Canada - 'Death by a thousand cuts' did in gang's metro chapter
The Halifax chapter of the Hells Angels, considered one of the weakest links in the worldwide chain of the outlaw motorcycle gang, failed to reach its 20th anniversary before it collapsed in August 2003.
By that time, its Dutch Village Road clubhouse had been seized by the Crown in a Canadian first and four of the chapter's seven members were sitting in jail.
Police at the time termed it "death by a thousand cuts," saying the national association pulled the club's charter and forced it to dissolve.
The chapter had again fallen below the required six members on the streets and was again in deep financial trouble.
Without the support of former member and Nomad David (Wolf) Carroll, they were on their own.
Operation Hammer, an undercover police investigation that culminated in a series of raids across the province in December 2001, sent members Clay McCrea, Art Harrie and Jeffrey Lynds to prison.
Longtime member Neil Smith was (and still is) in prison for first-degree murder.
According to club rules, a chapter needs six members free on the street to remain afloat. Those in jail turn in their Hells Angels patches, including items with the death's head insignia, until they get out.
A similar situation occurred after police raids in January 1998, but at that time, they could rely on Mr. Carroll and his fellow Hells Angels in Quebec for assistance. But by 2003, the Quebec members were in trouble, with chapters frozen and their leader in jail. Mr. Carroll was himself on the lam, wanted for murder.
Alleged Halifax president Mike McCrea, who was also alleged to be the world secretary and international webmaster (he always said he was just a member), turned in his Hells Angels patches and retired.
The married father of one graduated from a business college in Halifax in 2003, opened an information technology support business and ran it out of his family's home in the Porters Lake area. He now works full time for a local company.

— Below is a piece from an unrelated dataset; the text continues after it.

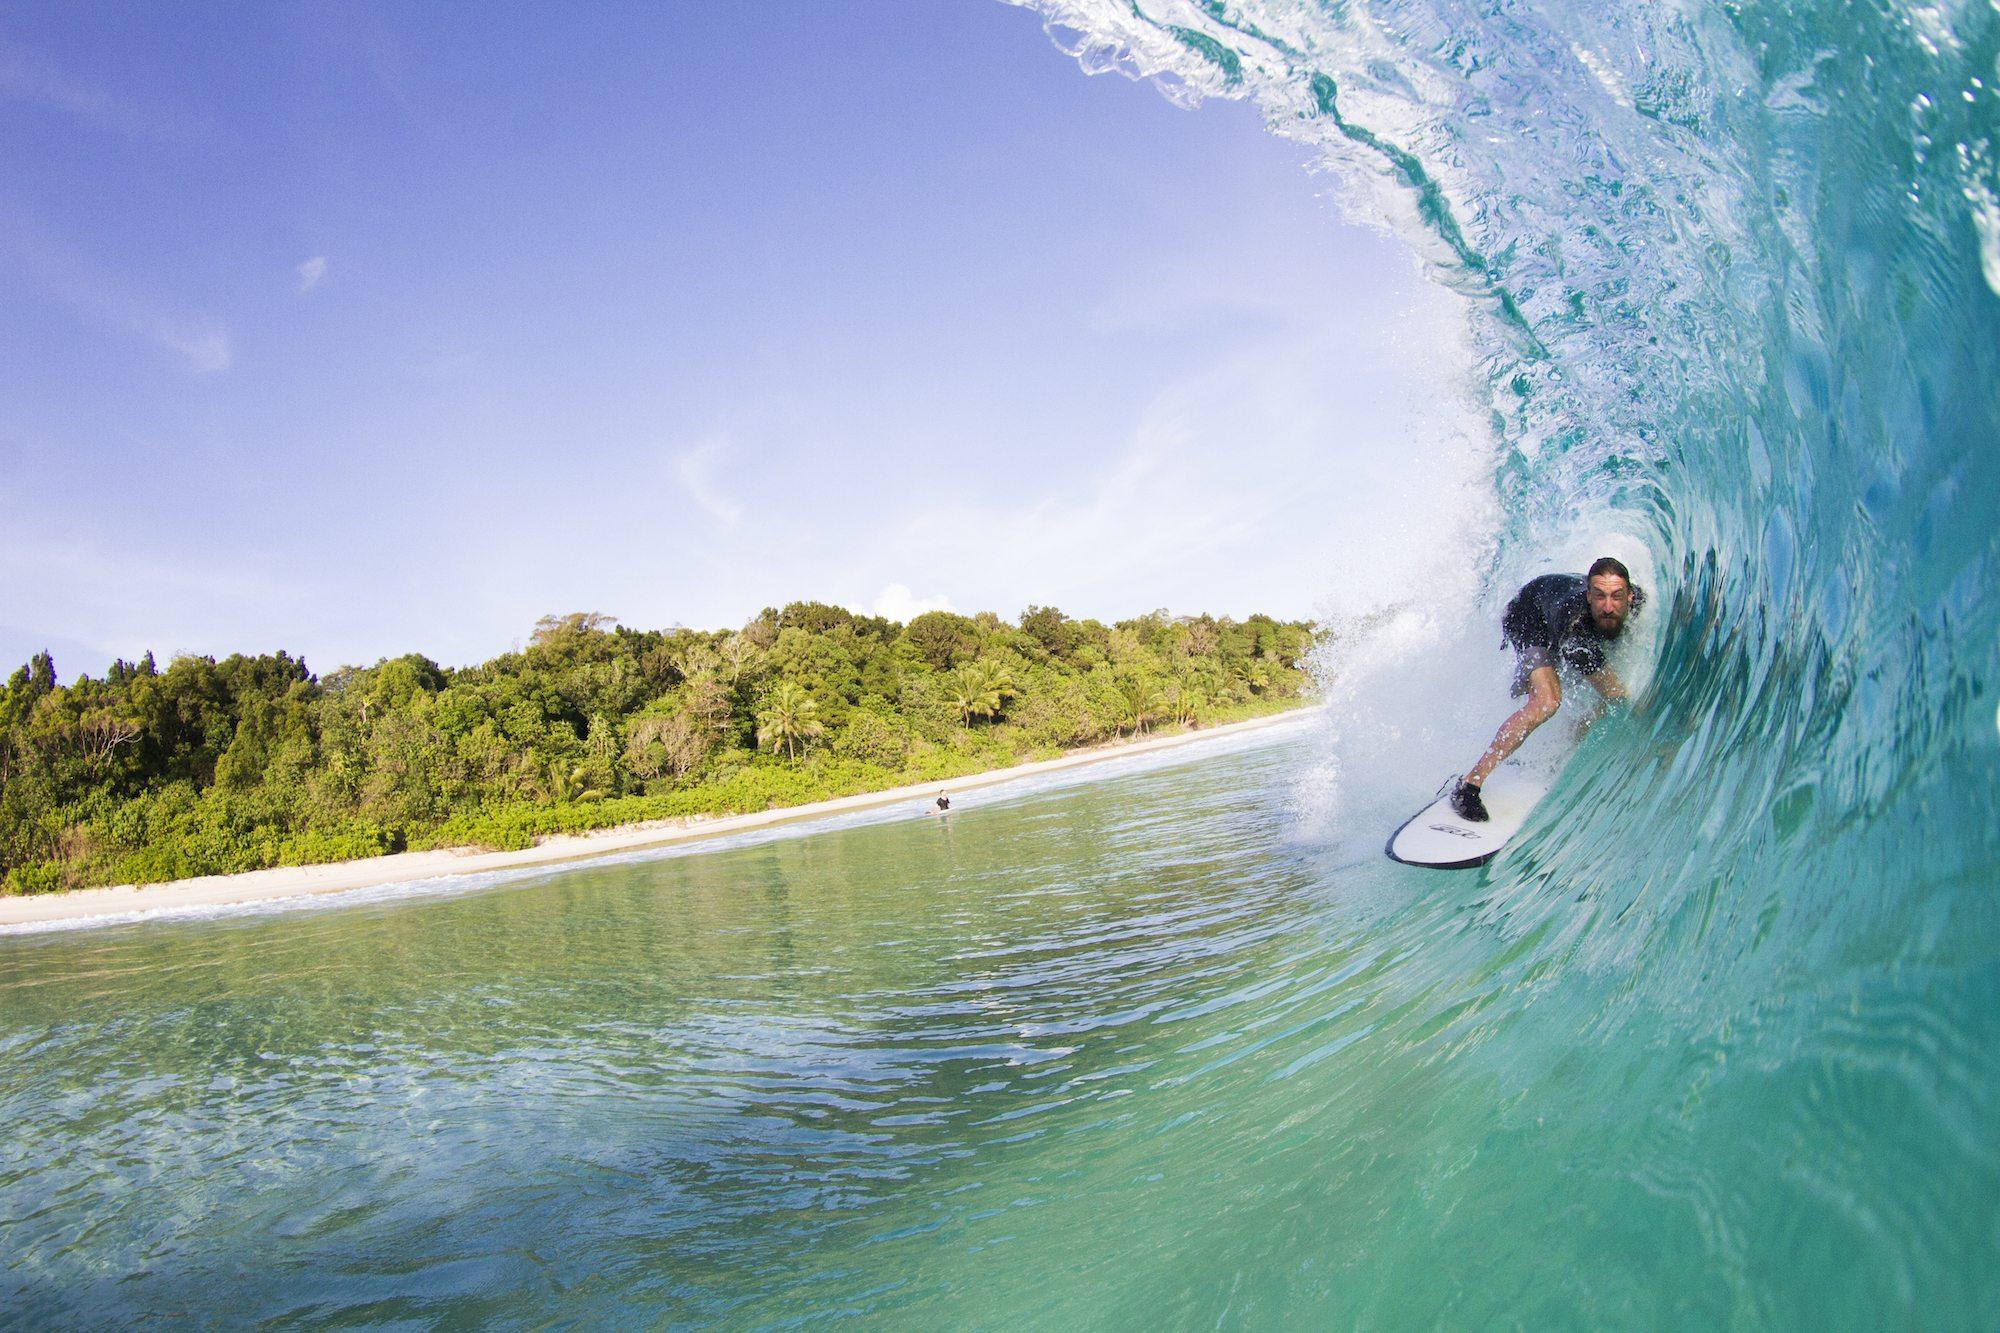 surfer surfs in dumpers waves, surf banyak

His brother, Clay, eventually retired, along with Mr. Harrie. Member Daniel Fitzsimmons was forced out of the club, but Michael (Speedy) Christiansen, one of the founding members from the 13th Tribe, joined the Hells Angels in British Columbia and its effort to expand out west.

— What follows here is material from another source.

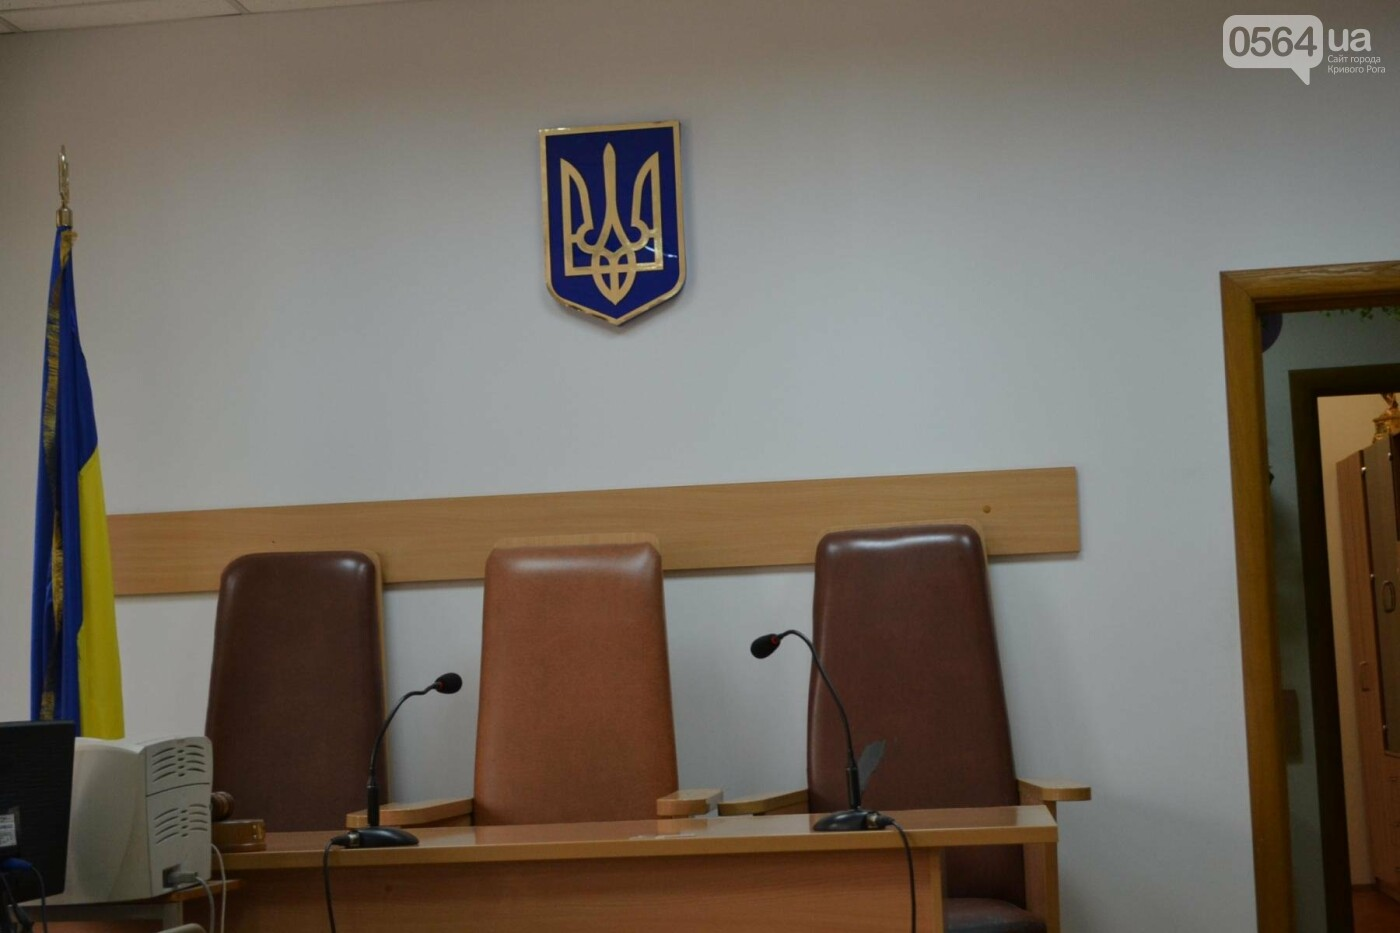 """Свидетель по делу лидера """"Автомайдана"""" в Кривом Роге заявил, что видел """"облако"""", - ФОТО, фото-7"""

Mr. Christiansen was one of those charged in the brutal slaying of five Quebec Hells Angels in March 1985, which happened just three months after the Hells Angels brought in the 13th Tribe. He was later acquitted and released.

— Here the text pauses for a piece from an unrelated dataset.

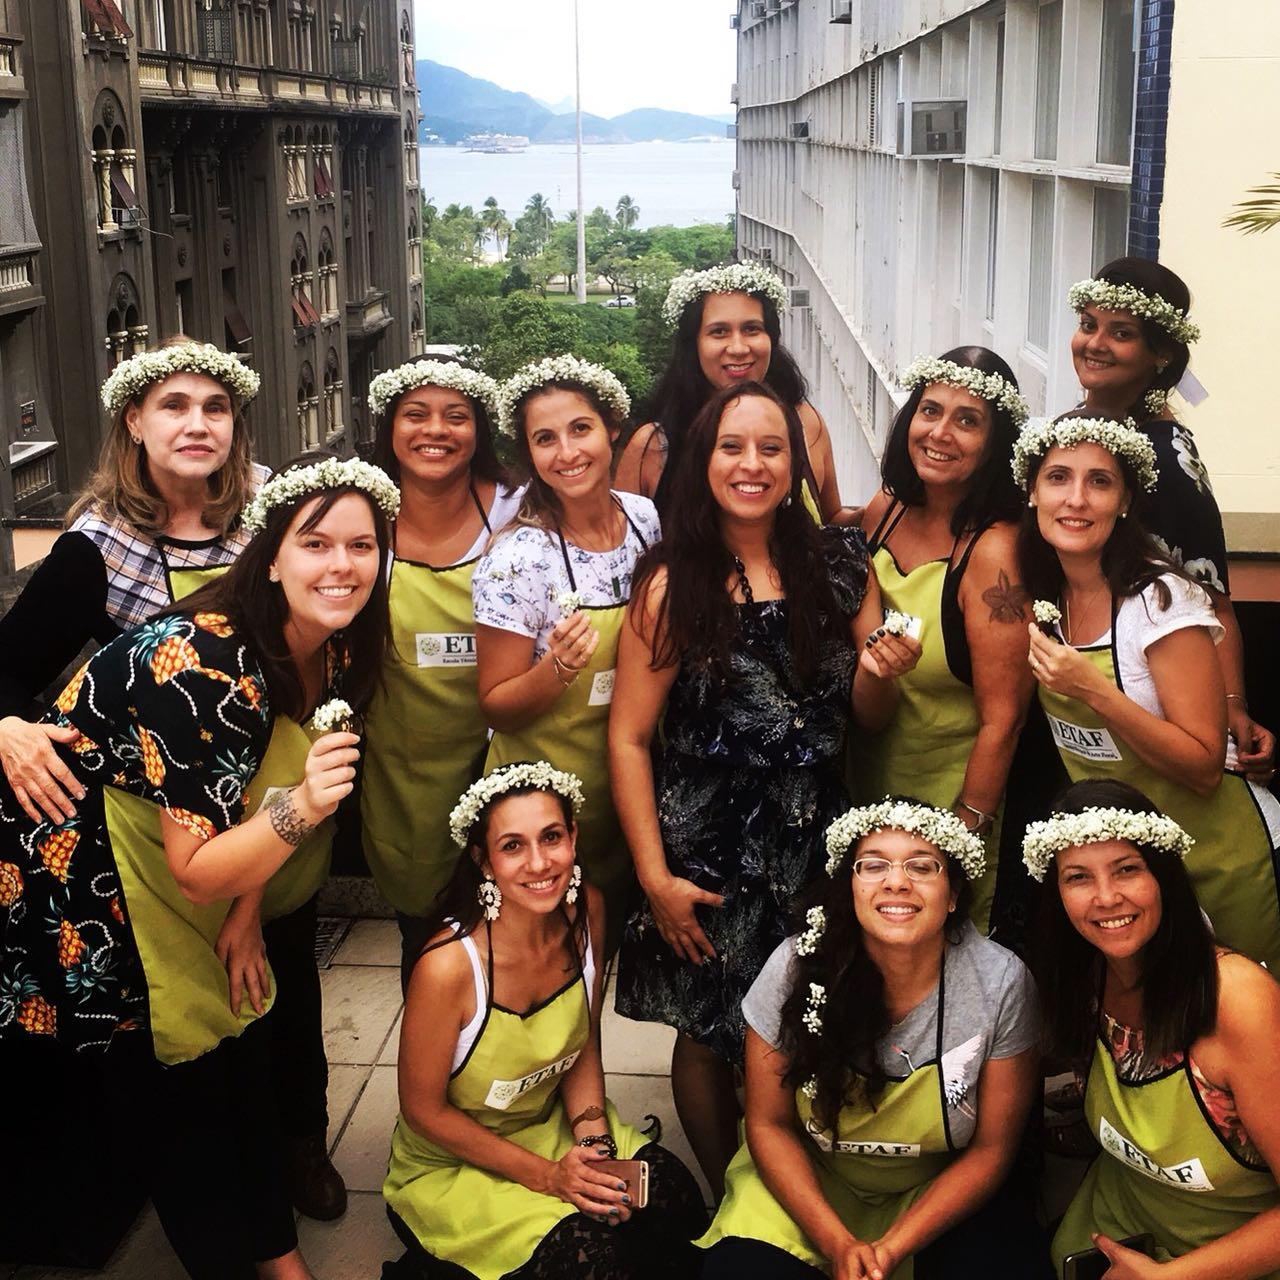 Alunas do Curso Técnico Profissionalizante em Arte Floral para Decoradores de Eventos com tiara de mosquitinhos confeccionada durante as aulas no Rio

From the Halifax chapter's birth in December 1984 until August 2003, the Hells Angels staked their claim to the region, and the death's head patch was worn by bikers on local roads.
Although the chapter officially closed, the gang still had a presence in Nova Scotia, police said.
Once Halifax member Jeffrey Lynds's sentence expired, he was free to do as he wished. Police say he has become a member of the Nomads in the Ontario region. Nomads are considered an elite group within the international organization of the Hells Angels.
Police have also said that the East Coast Riders, originally of Halifax and later located in Waverley, and the Highlanders in Antigonish were support clubs of the Hells Angels, but there have been no raids or court cases identifying their activities as criminal.